Hyperuniform Disordered Photonic Bandgap Structure Steers Light in Unprecedented Ways

A team of researchers led by San Francisco State University’s Weining Man is the first to build and demonstrate the ability of two-dimensional disordered photonic band gap material, designed to be a platform to control light in unprecedented ways.

Man and her colleagues designed and built a hyperuniform disordered photonic bandgap structure, seen above, using aluminum rods and a wall network, allowing them to demonstrate the ability of such material to steer light in unprecedented ways.

The new material could allow researchers to manipulate the flow and radiation of light in new ways by breaking away from the highly angular and constrained pathways for light dictated inside orderly photonic crystals. Instead, the material could lead to arbitrarily shaped, wavy, curved, and sharply bending ways to steer light, Man and her colleagues say.

The findings were published in the Sept. 16 issue of the Proceedings of the National Academy of Sciences.

Although the applications are far in the future, the new materials may be used for more efficient solar panels and illuminated displays. The “free-form” light guides within the materials could be especially useful in designing compact optical circuits for signal processing and telecommunications.

Photonic band gap materials help to steer photons -- light -- in the same way that semiconductors steer the flow of electrons in modern electronics. They accomplish this by blocking “light of a certain energy, or frequency, so that it won’t be able to propagate or exist in the material,” said Man, an assistant professor of physics and astronomy.

Photonic band gap materials are rare in nature, although they can be seen on the iridescent wings of some butterflies or on opals, where certain wavelengths of light are blocked from entering at all angles.

It had been a longstanding belief that a photonic band gap within constructed materials must rely on the reflection in layers of crystalline structures such as silicon crystals, Man said. But more recently, her collaborators at the University of Surrey, Princeton University and New York University have predicted using numerical simulations that it is possible to have photonic band gap in disordered structures.

An orderly periodic pattern, such as the tiles on a bathroom floor, can only be constructed with certain shapes like hexagons or triangles or squares. For this reason, periodic, orderly photonic band gap materials are limited to conveying light only in special pathways along particular crystalline directions.
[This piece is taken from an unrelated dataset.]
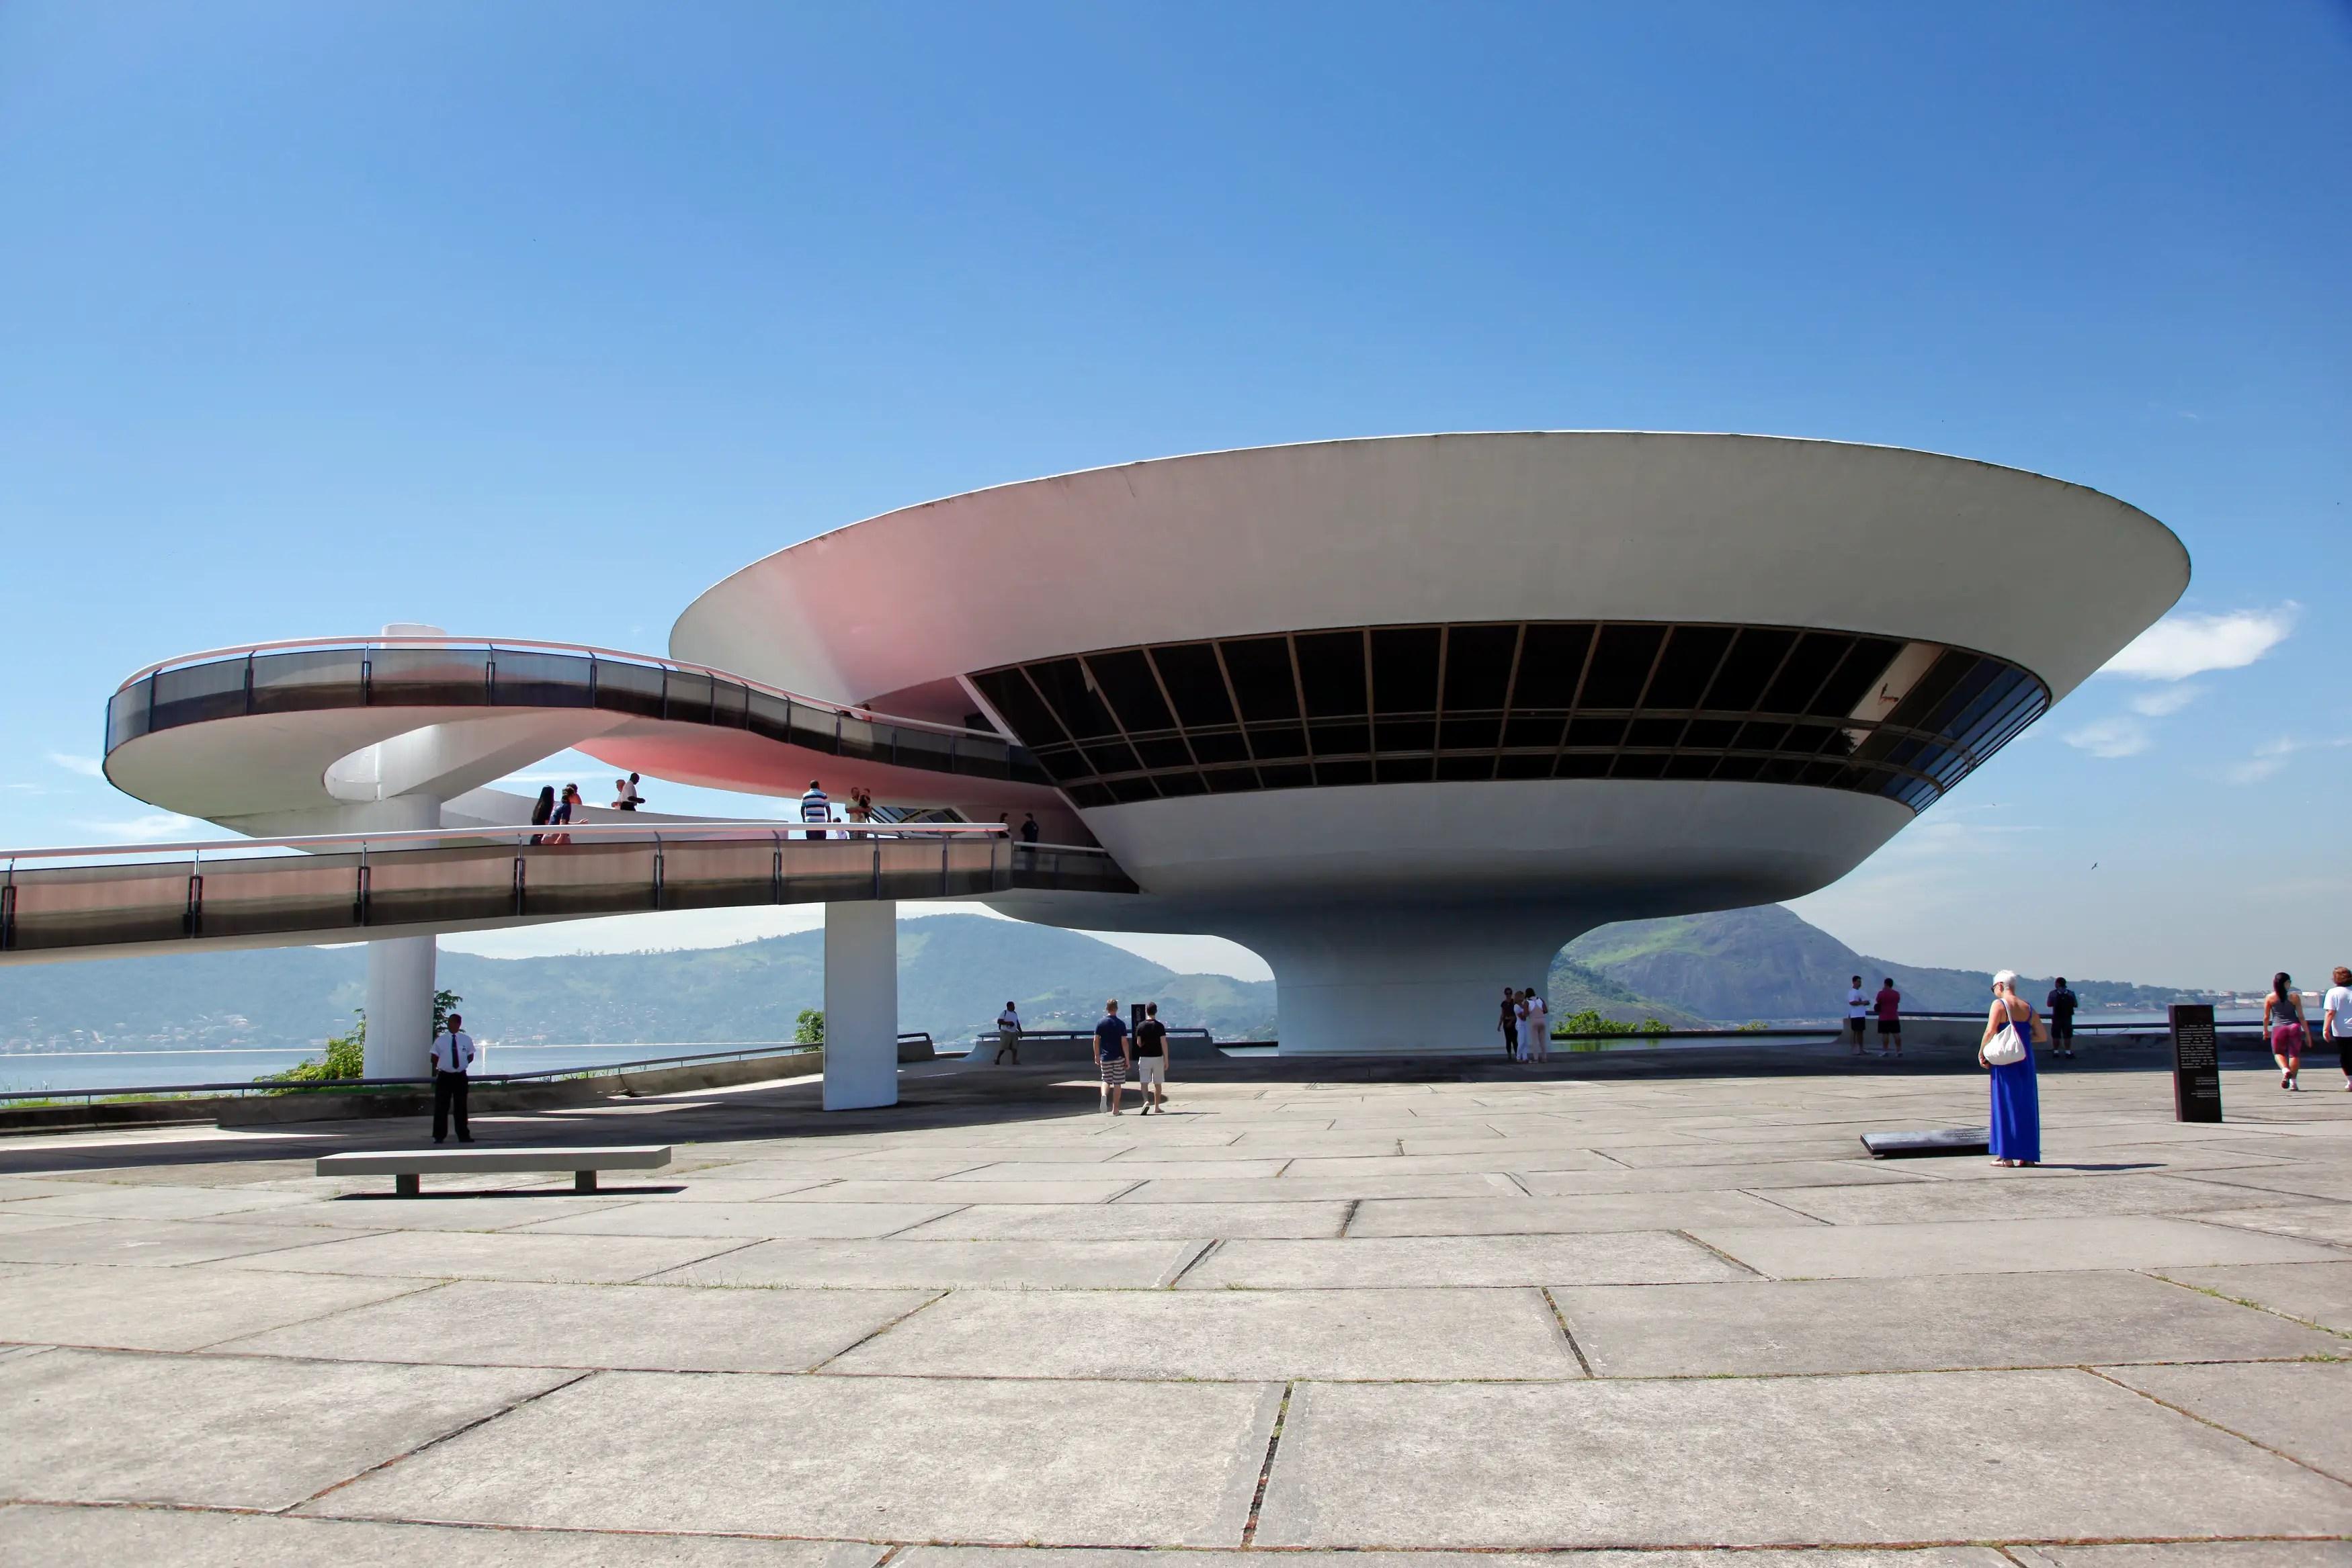 67. The Niteroi Contemporary Art Museum gives impressive panoramic views of Rio de Janiero.

The material made by Man and her colleagues is disorderly, and therefore not limited to particular rotational symmetry like bathroom tiles. That means they can be built to be isotropic, or look the same in all directions. This combination of features, she said, “provides a free-form platform so that we can choose any kind of bending or curved passes to direct the light’s flow.”

Since the material is identical in all directions, it has the same photonic properties in all directions. This quality might prove useful in future applications that need to collect or radiate light in a uniform way, such as a solar energy panel or a display.

“Scientifically, it’s terrific to prove that a disordered structure can have a photonic band gap, for all polarizations in all directions,” Man added.

The researchers started with a “point pattern” to design the disordered materials. The design was then converted into a computer file for three-dimensional printing of the base structure, with precise holes and slots that guided the assembly of alumina rods and sheets. Peter Verdone, a staff member in the Department of Physics and Astronomy, contributed to the three-dimensional printing files. The modular design -- slightly like Lego brand bricks -- allowed individual pieces to be removed or added to create new arbitrary shapes of waveguides.

Five SF State students and Man performed all the experimental work in this project, co-authoring the PNAS paper with Man’s collaborators. The material is built on a centimeter-scale -- large enough to be held in the hand -- and was tested with microwaves, which have a longer wavelength than visible light.

After the successful demonstration with microwaves, Man said it is straightforward to scale down the material to channel the shorter wavelengths of visible and infrared light. Two of Man’s graduate students, Sam Tsitrin and Geev Nahal, are working on the design and fabrication of these materials at the scale of 500 nanometers with the support of a National Science Foundation grant.